» The task
Transcribe the listing below verbatim, omitting pictures.

-- Given data follows --

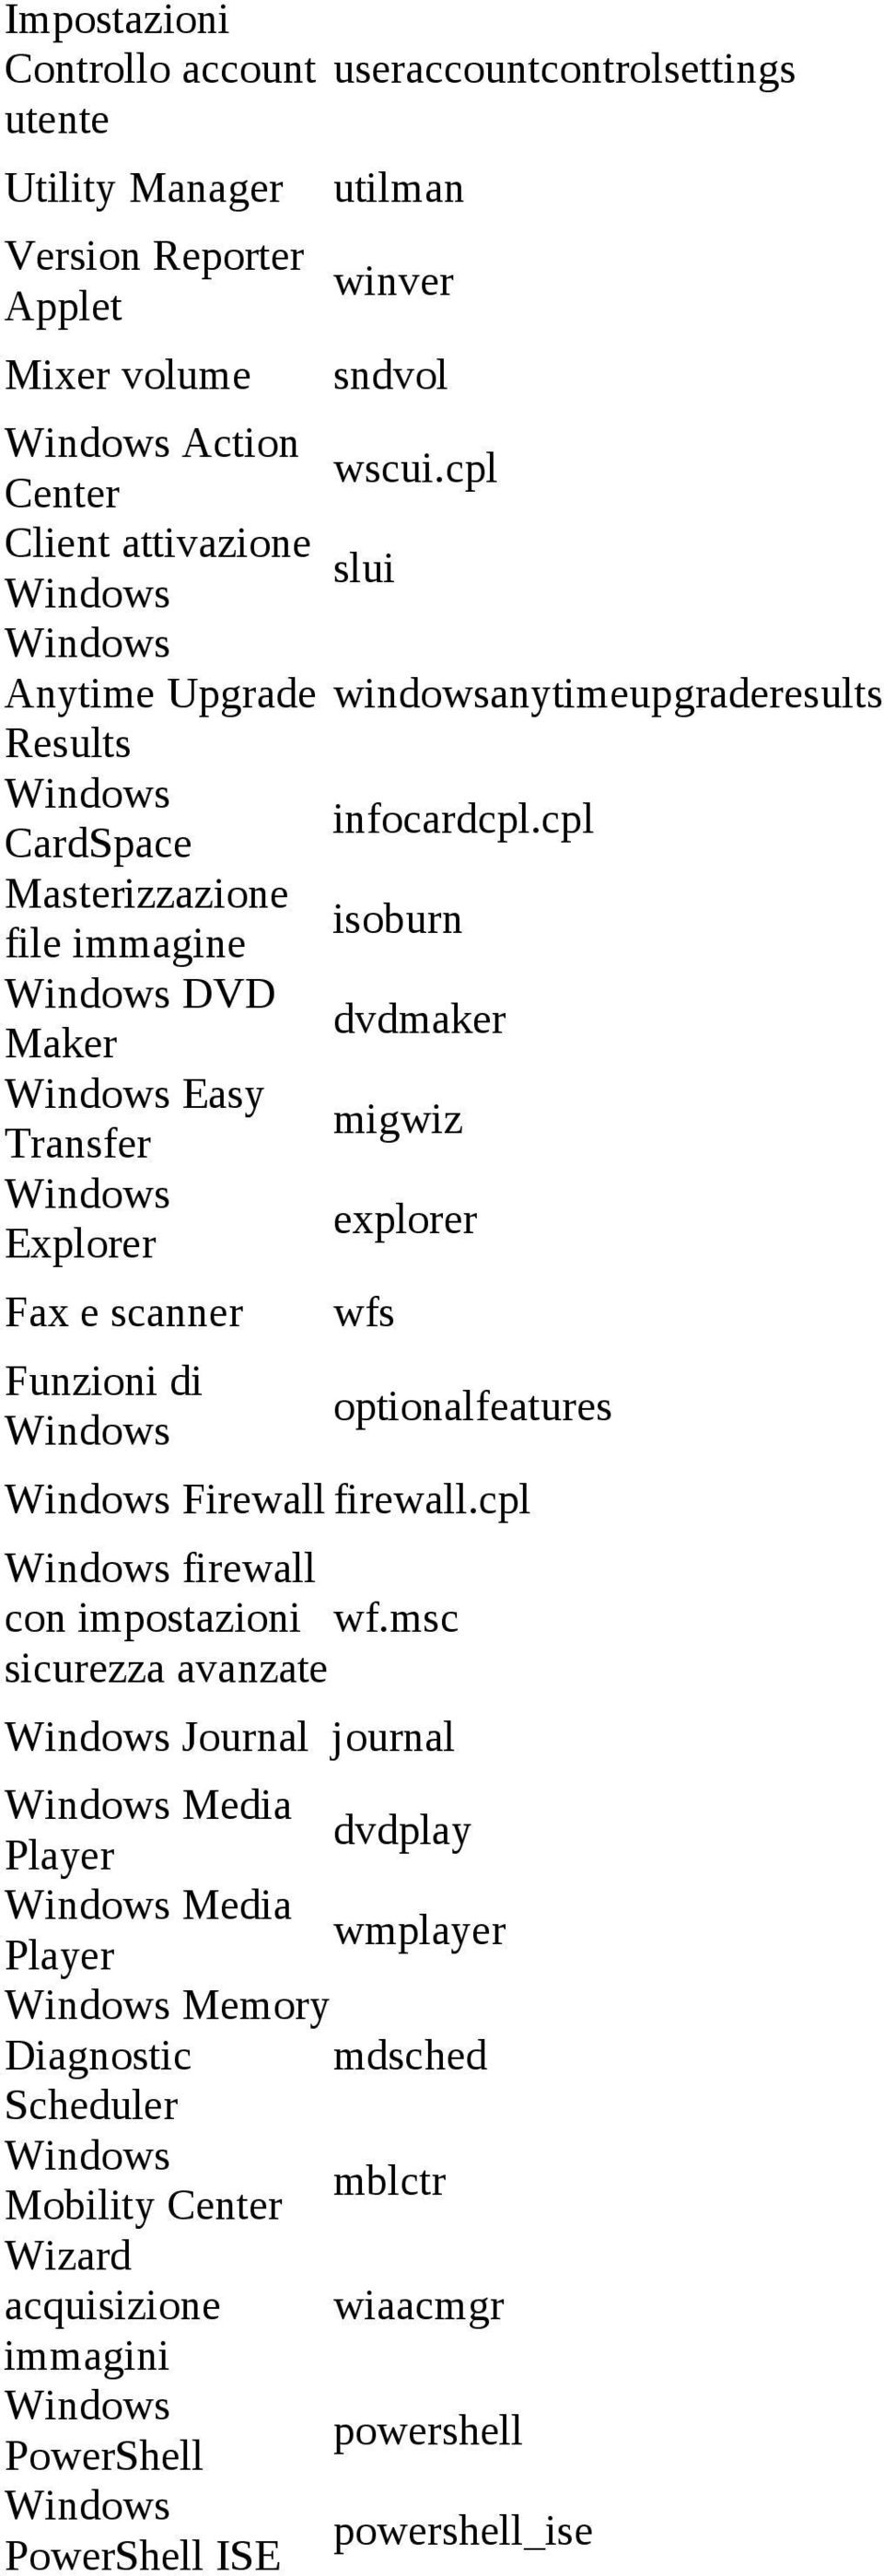 cpl CardSpace Masterizzazione isoburn file immagine DVD dvdmaker Maker Easy migwiz Transfer explorer Explorer Fax e scanner Funzioni di wfs optionalfeatures Firewall
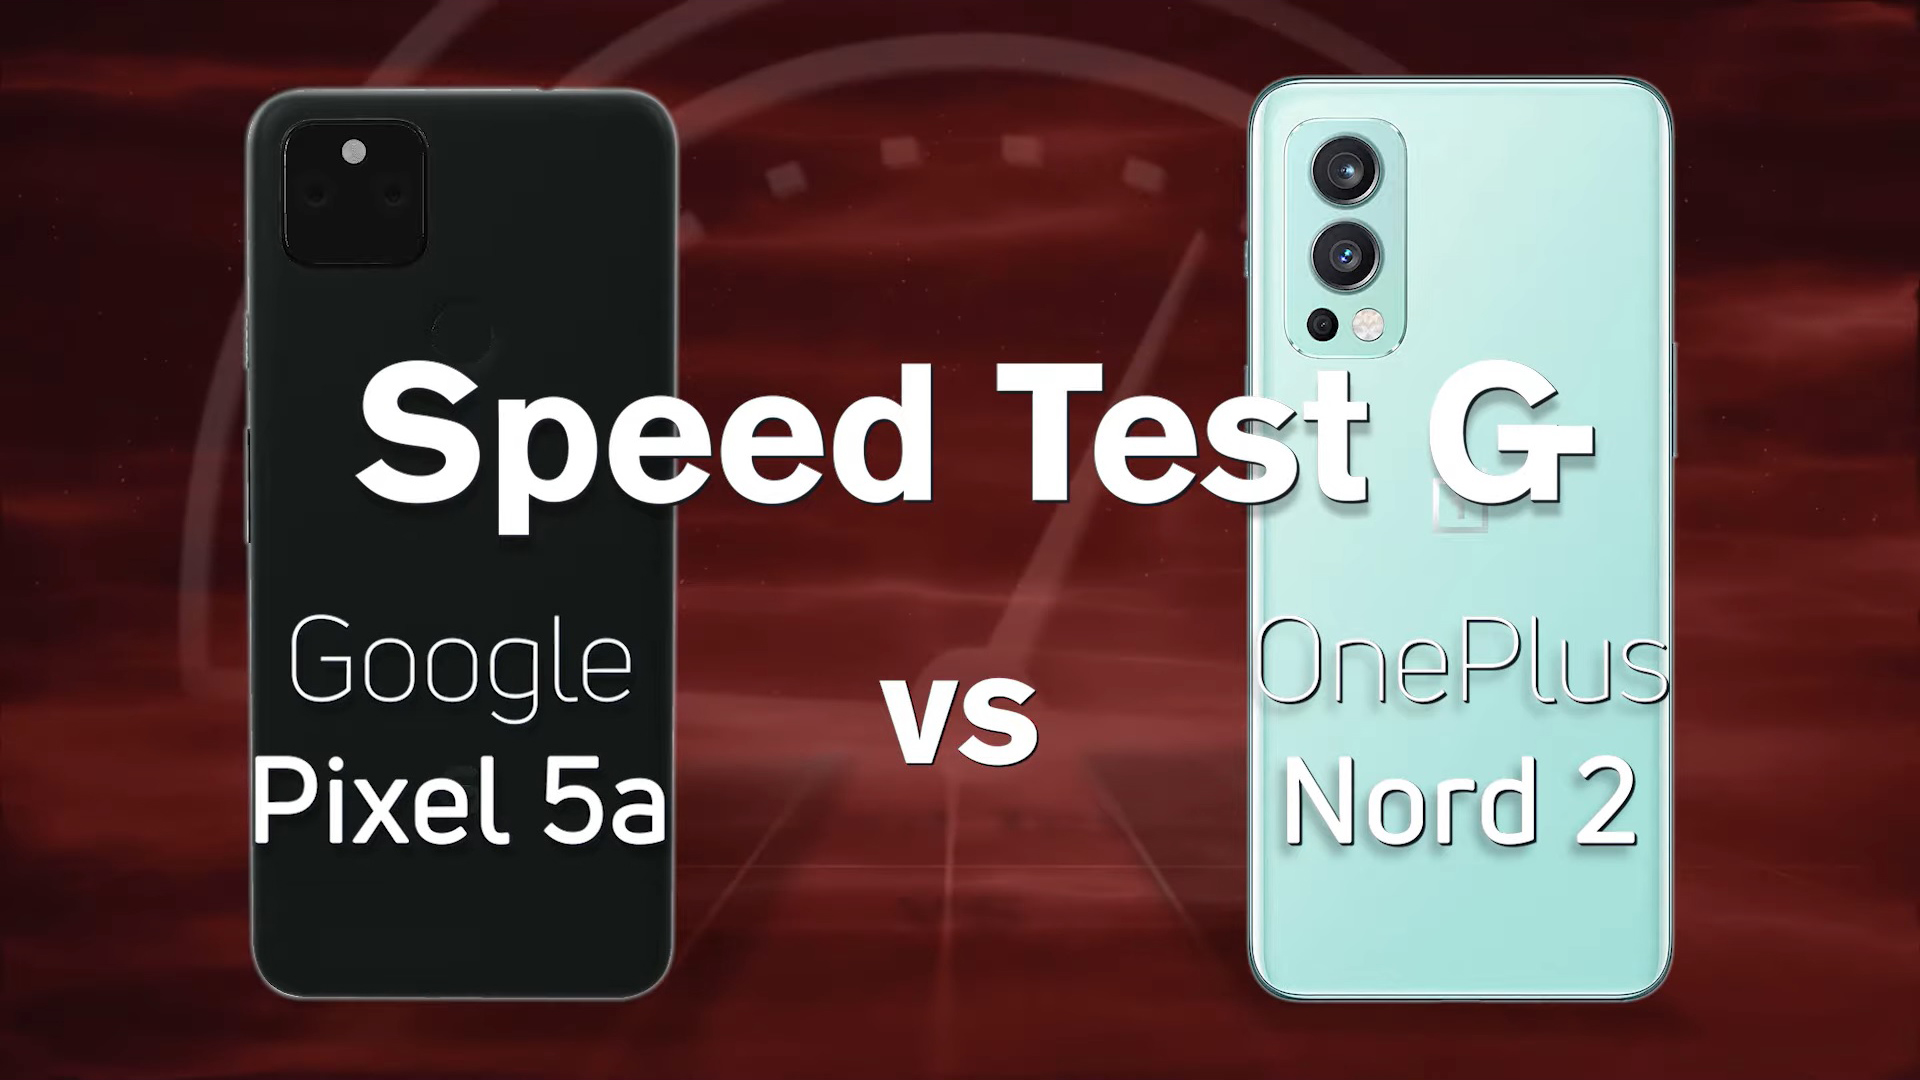 Speed Test G Google Pixel 5a vs OnePlus Nord 2
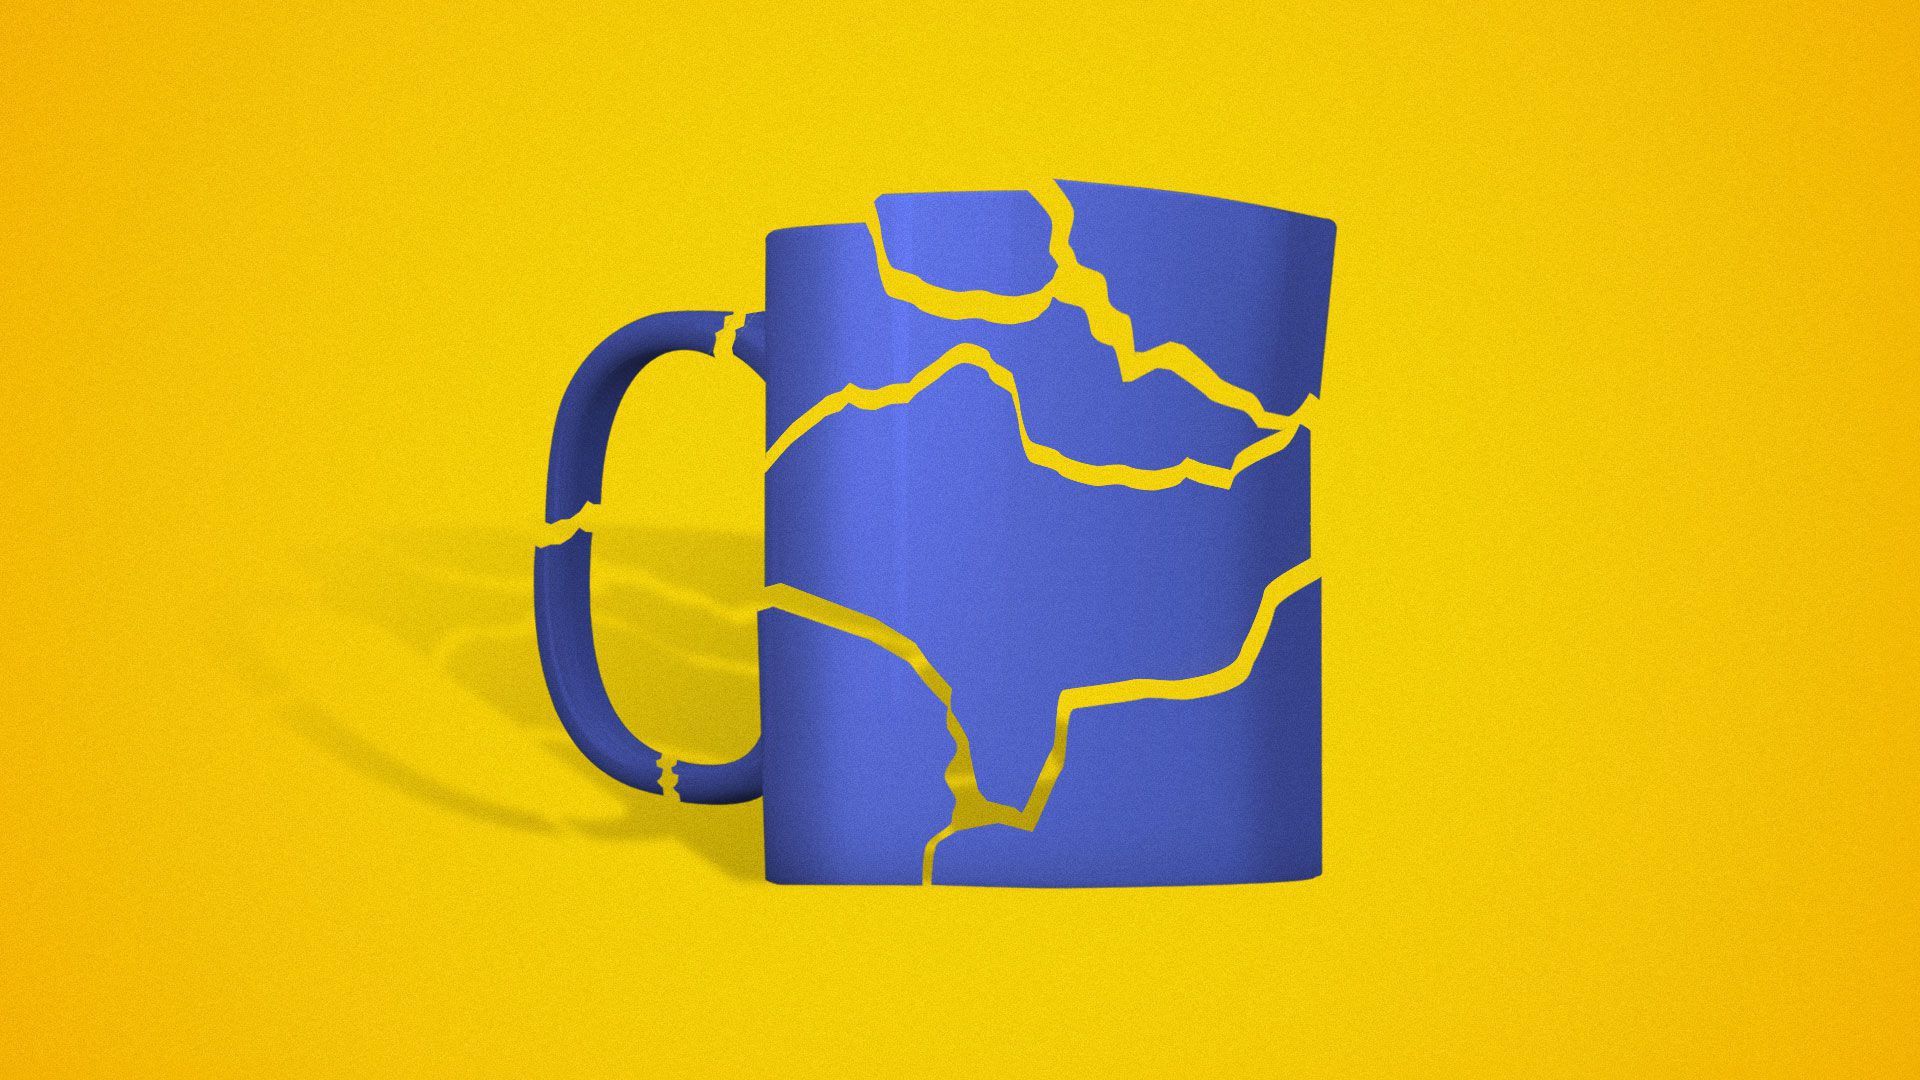 An illustration of a broken coffee mug

-- Given data concluded --

» Result of the exercise
 cpl CardSpace Masterizzazione isoburn file immagine DVD dvdmaker Maker Easy migwiz Transfer explorer Explorer Fax e scanner Funzioni di wfs optionalfeatures Firewall
 Speed Test G Google Pixel 5a vs OnePlus Nord 2
 An illustration of a broken coffee mug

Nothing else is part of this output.